> **Work task**: When you reach the line that contains "New-life-on-a-tree-in-the-early-spring-garden-Napa-California", please begin copying, and carry on exactly to the last line of the material, leaving out every picture.

> **Information supplied**:
++++++++

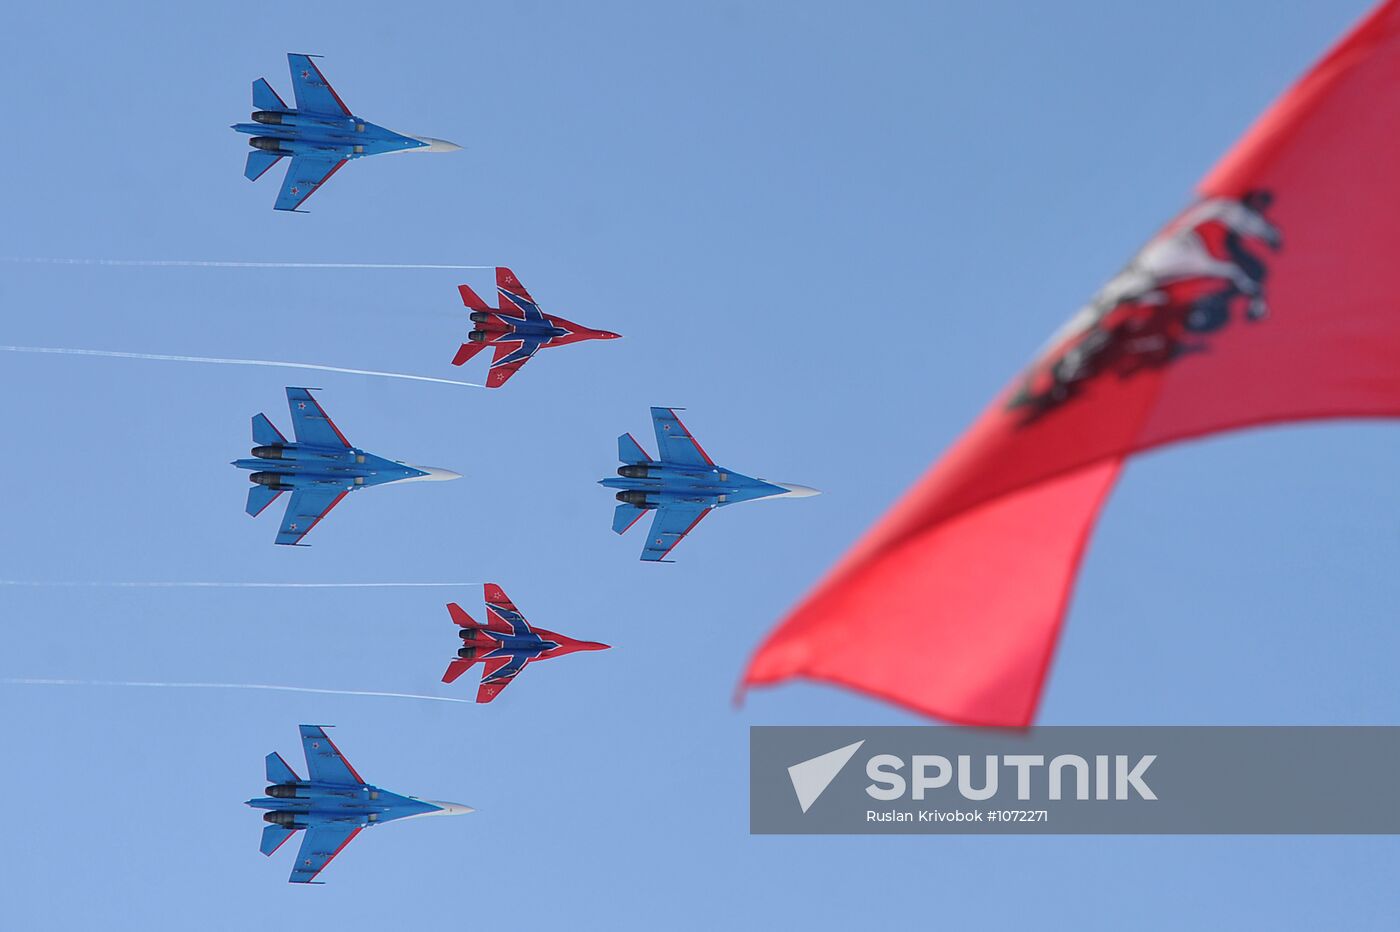 Russian Knights and Strizhi pilot groups
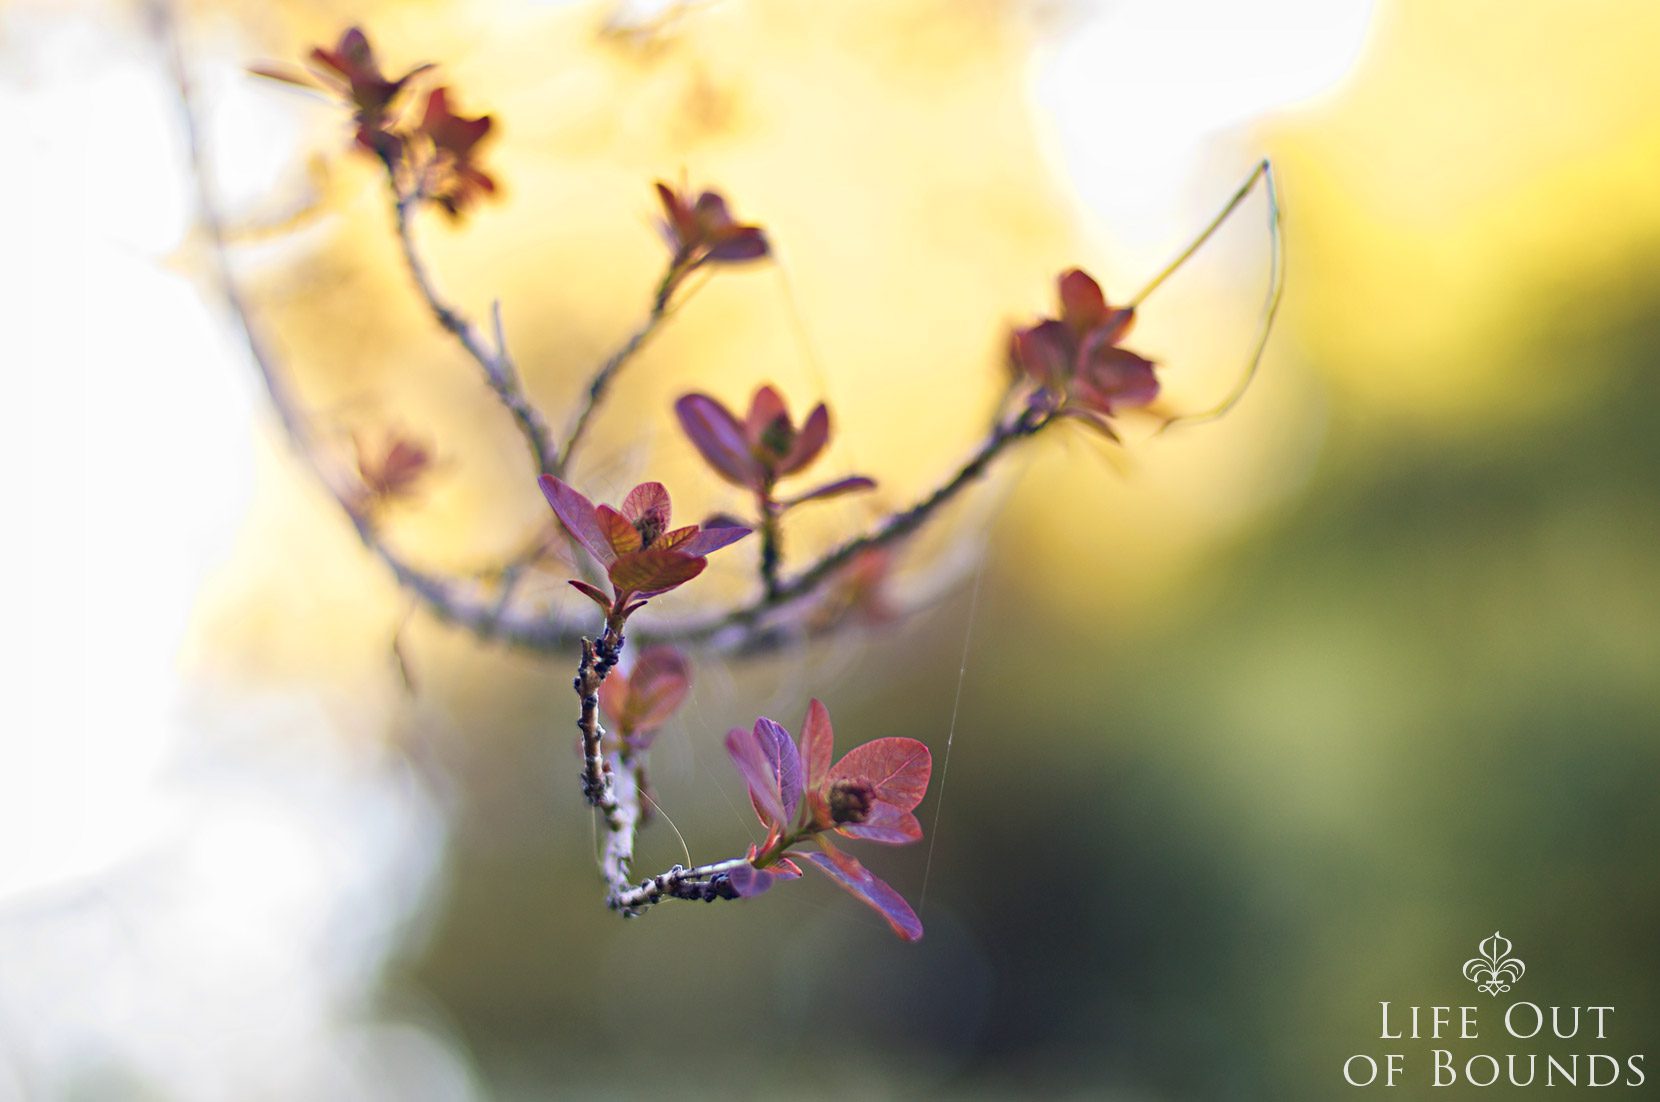 New-life-on-a-tree-in-the-early-spring-garden-Napa-California
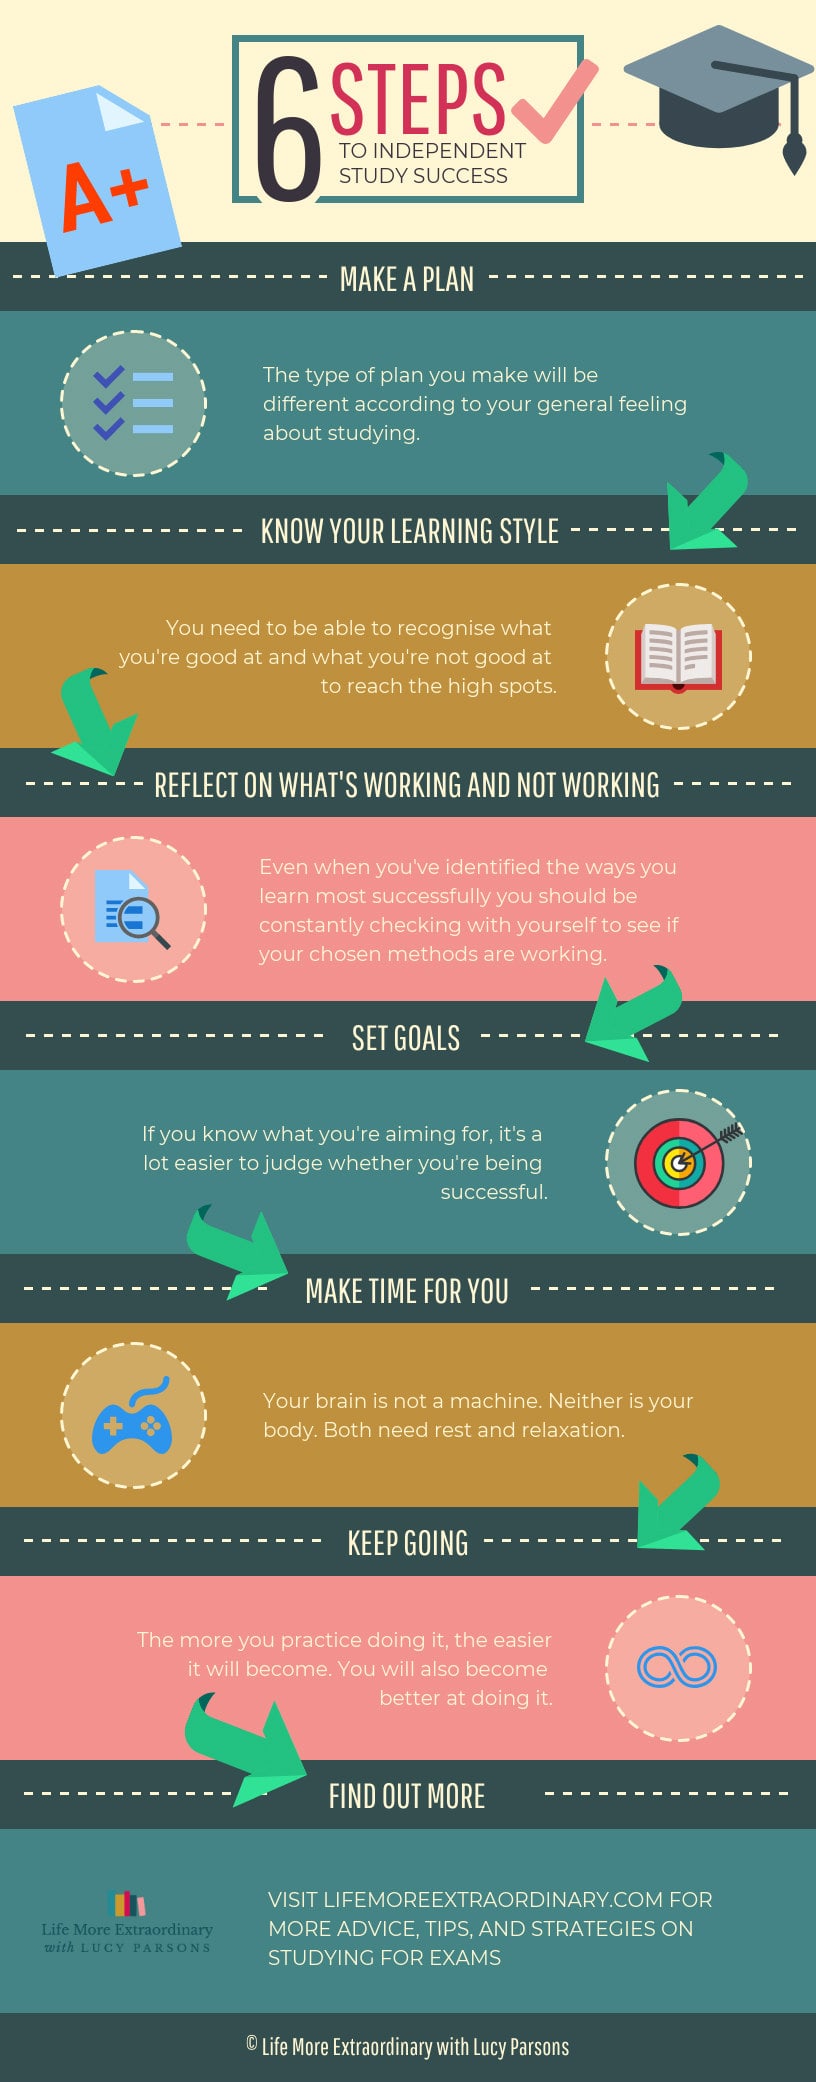 How to study independently infographic #studyskills #exams #students
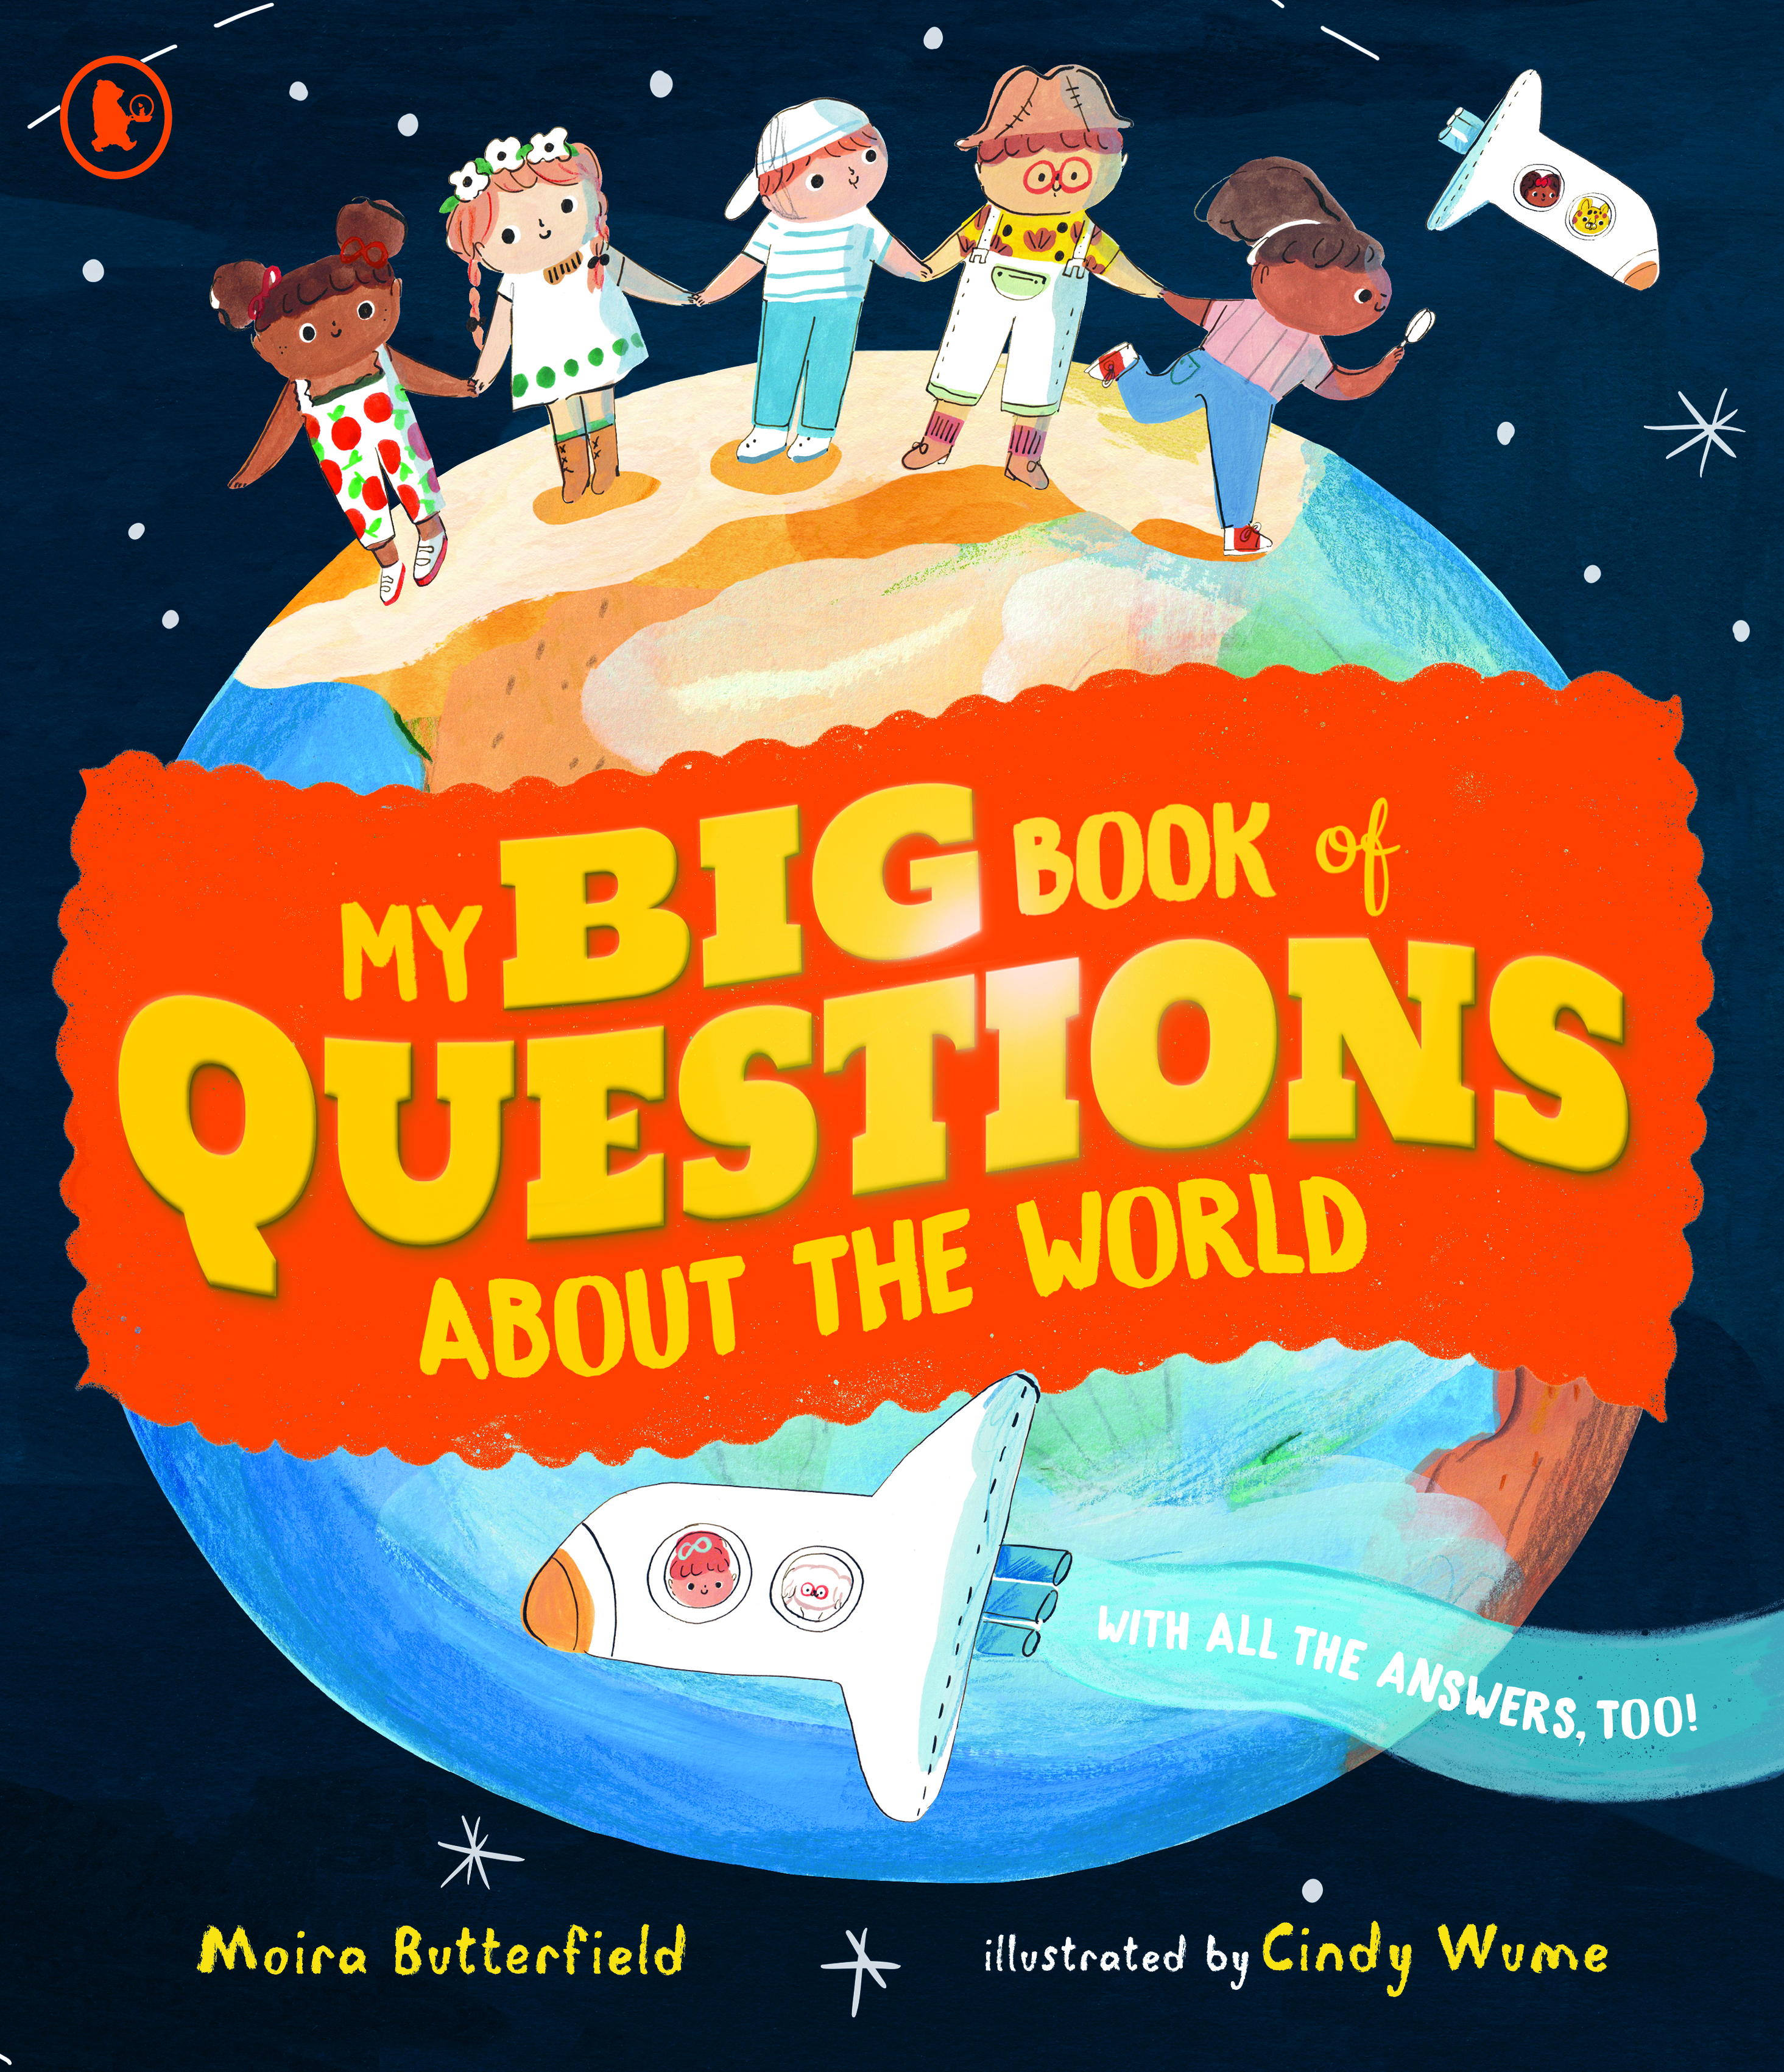 My-Big-Book-of-Questions-About-the-World-with-all-the-Answers-too

++++++++

> **Written response**:
 New-life-on-a-tree-in-the-early-spring-garden-Napa-California
 How to study independently infographic #studyskills #exams #students
 My-Big-Book-of-Questions-About-the-World-with-all-the-Answers-too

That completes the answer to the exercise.